Why the transpose of $A$ is not looking at the transformation $A$ in the dual space Most of the time people are saying that in order to have a better understanding about what the transpose really represents is this:

We have a linear transformation $T : V \to V$ with $V$ a finite vector space.  Then the tranpose is a linear application in the dual space, namely, $T^* : V^* \to V^*$ such that $T^*(\phi)(v) = \phi(Tv)$.

I understand what all of this means, but what is the motivation behind this definition of the transpose? 
For me, if we have a linear map $T : V \to V$, then a more natural thing to look at is this:  what is the transformation $T$ in the dual space $V^*$ ?
 In this case this is simply the linear application $T^* : V^* \to V^*$ such that : $T^*(\langle y, . \rangle) = \langle Ty, . \rangle$. For me this is a natural transformation to look at, namely, the application $T$ acting on the dual space. 
Yet I don't understand the motivation behind the transpose. Why this definition, and not another? 
Thank you! 
 A: The transpose map $T^*\colon W^*\to V^*$ can be defined for every linear map $T\colon V\to W$, where the vector spaces need not be endowed with an inner product and could be infinite dimensional as well.
The case of $T\colon V\to V$ where $V$ is a finite dimensional inner product space (over the reals, for simplicity) is a bit different, but not really too much.
The inner product allows you to define an isomorphism $\Phi\colon V\to V^*$, via the mapping $v\mapsto\Phi(v)=\hat{v}$, where $\hat{v}(w)=\langle v,w\rangle$.
This mapping is linear and injective, because $\langle v,w\rangle=0$ for all $w$ implies $v=0$. Hence, due to $V$ being finite dimensional, $\Phi$ is an isomorphism.
Now consider the map $T'\colon V\to V$ defined by
$$
T'=\Phi^{-1}\circ T^*\circ\Phi
$$
where $T^*\colon V^*\to V^*$ is defined by $T^*(\varphi)=\varphi\circ T$.
Consider now $v\in V$; then $\Phi\circ T'(v)=\Phi(T'(v))=\widehat{T'(v)}$ is the map such that
$$
\widehat{T'(v)}(w)=\langle T'(v),w\rangle
$$
by definition. On the other hand, $T^*\circ\Phi(v)=T^*(\hat{v})=\hat{v}\circ T$ is the map such that
$$
\hat{v}\circ T(w)=\hat{v}(T(w))=\langle v,T(w)\rangle
$$
Thus $T'$ is exactly the unique linear map $T'\colon V\to V$ such that, for all $v,w\in V$,
$$
\langle T'(v),w\rangle=\langle v,T(w)\rangle
$$
and the argument above is precisely the proof that this $T'$ exists.

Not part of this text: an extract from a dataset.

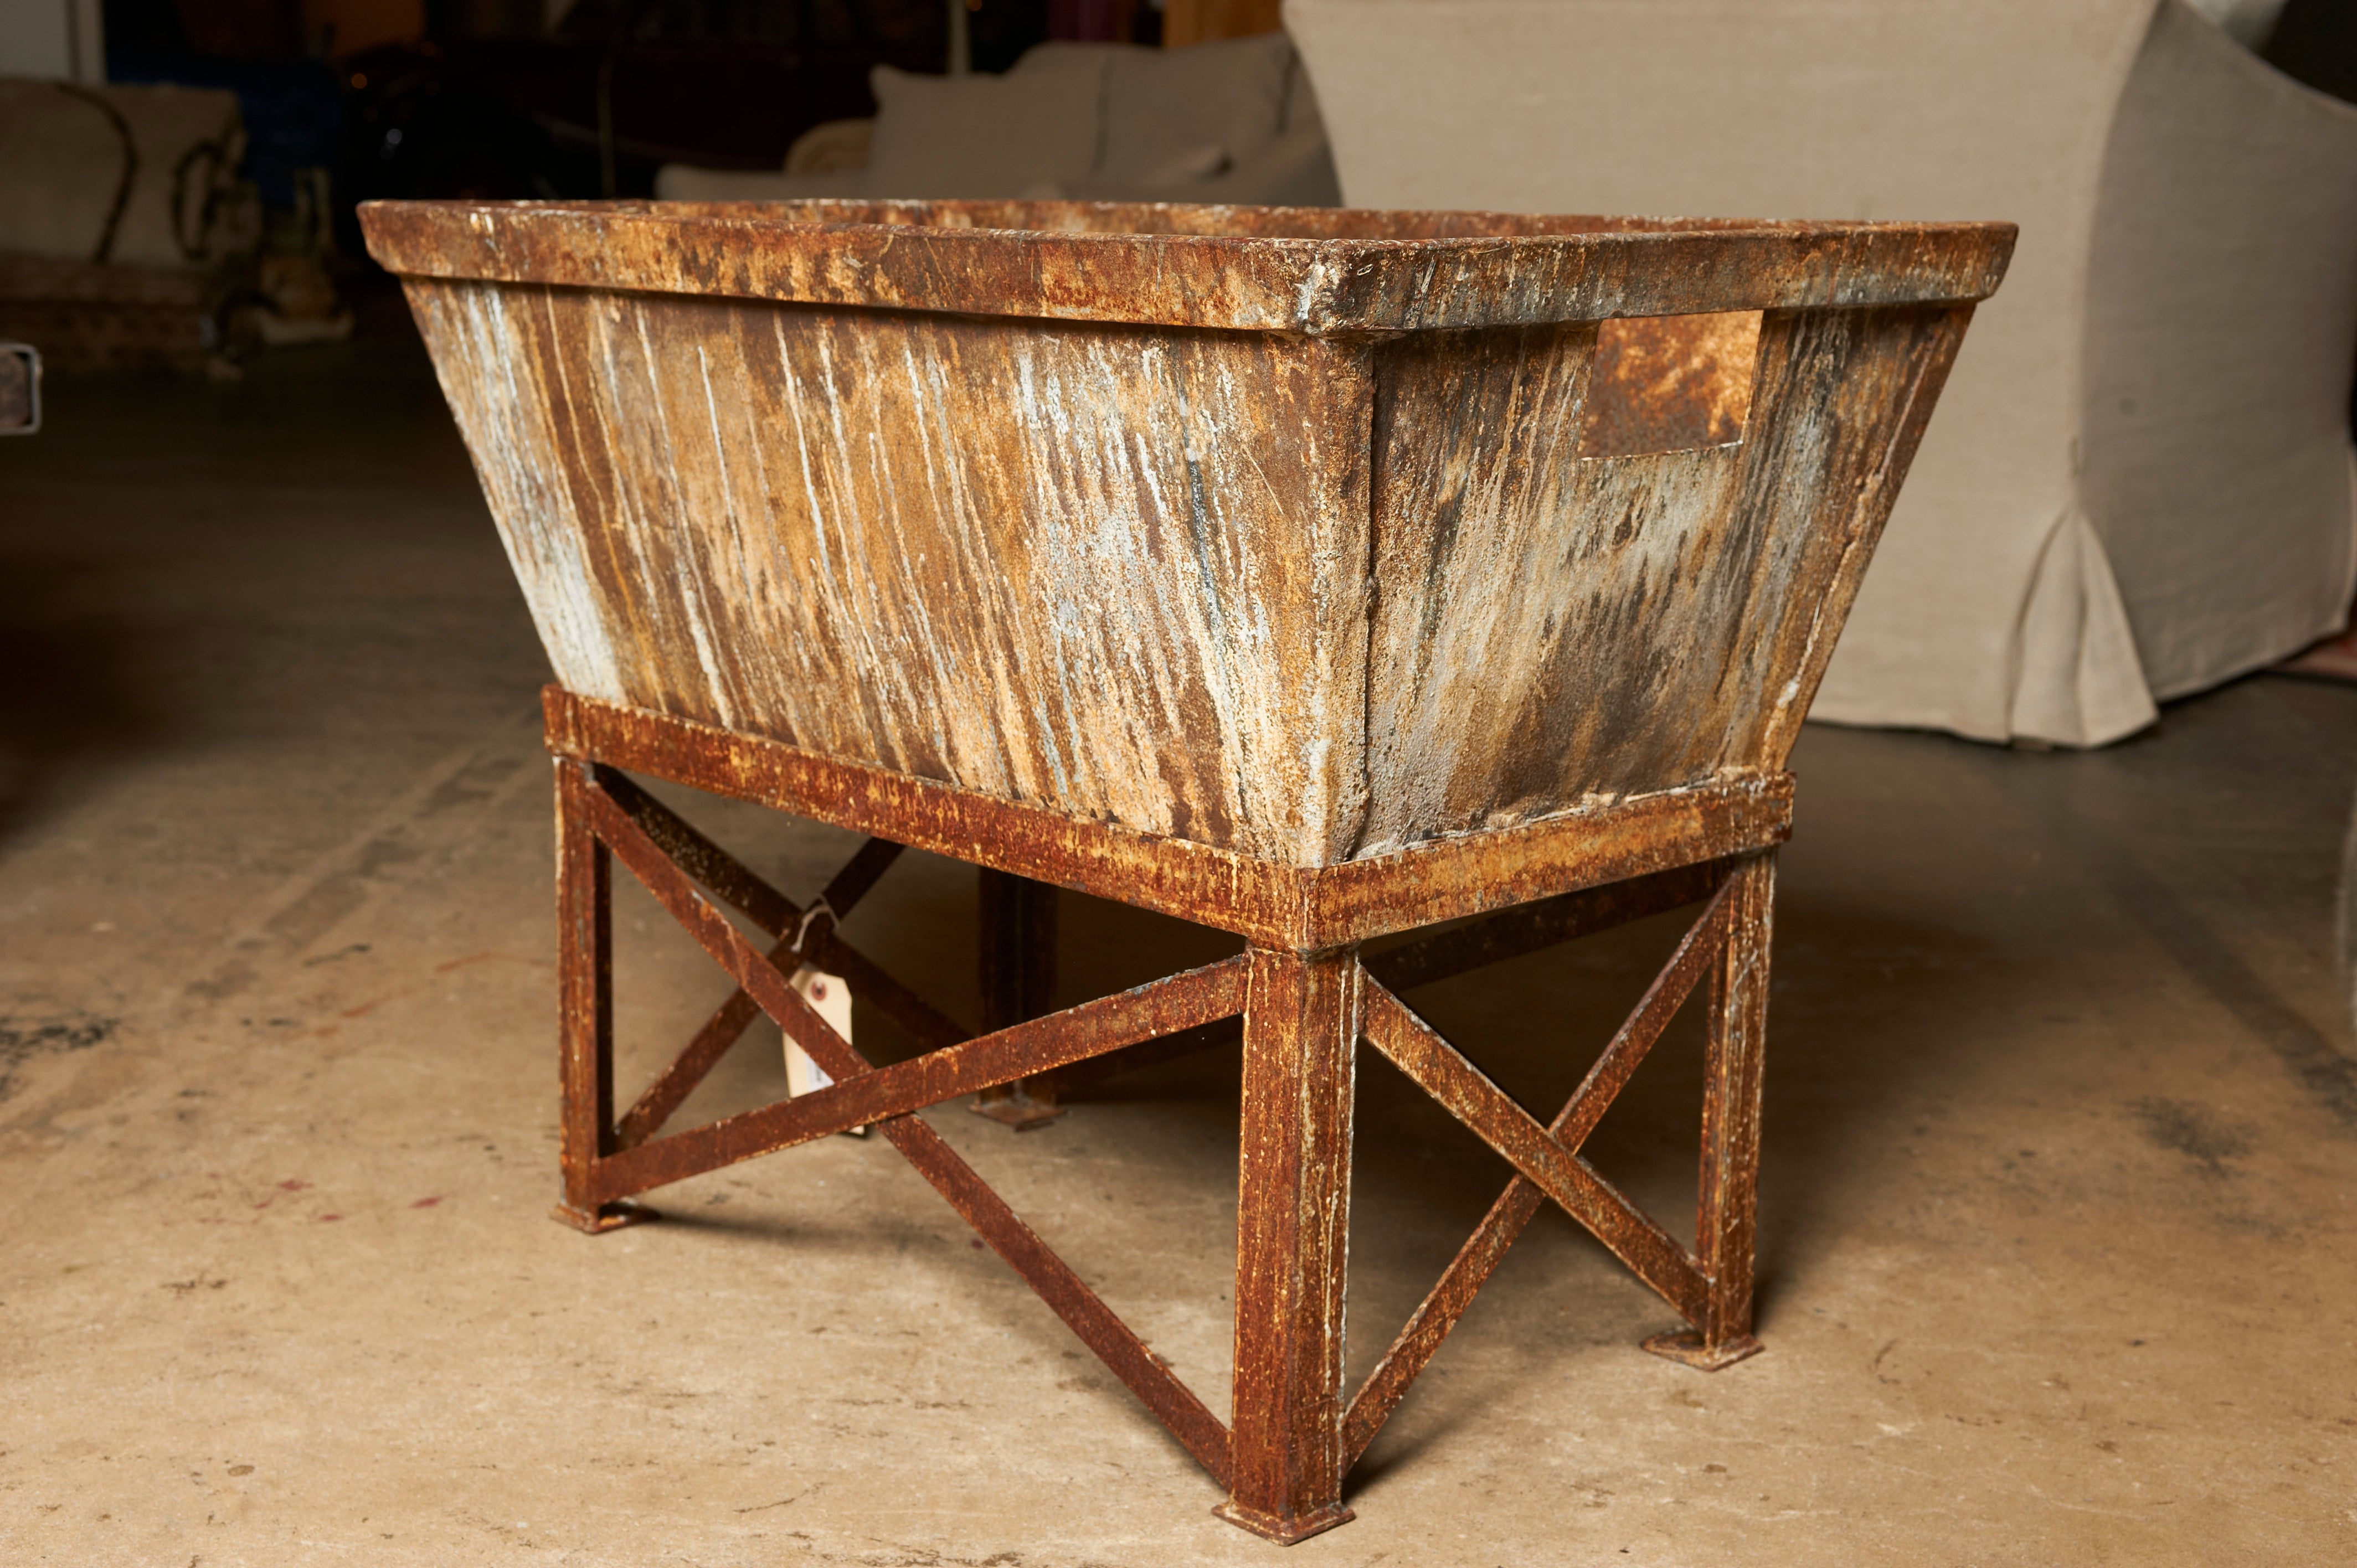 Industrial iron factory bin on stand, c. 1940-50, now a jardiniere For Sale

What if $T\colon V\to W$ and both spaces are finite dimensional? To every basis $\mathscr{B}$ of a vector space, there corresponds a unique dual basis in the dual space, $\mathscr{B}^*$. If $\mathscr{B}$ is a basis of $V$ and $\mathscr{D}$ is a basis of $W$, we can compute the matrix $A$ of $T$ with respect to these basis. Then the matrix of $T^*\colon W^*\to V^*$ with respect to the dual bases is precisely the transpose matrix of $A$.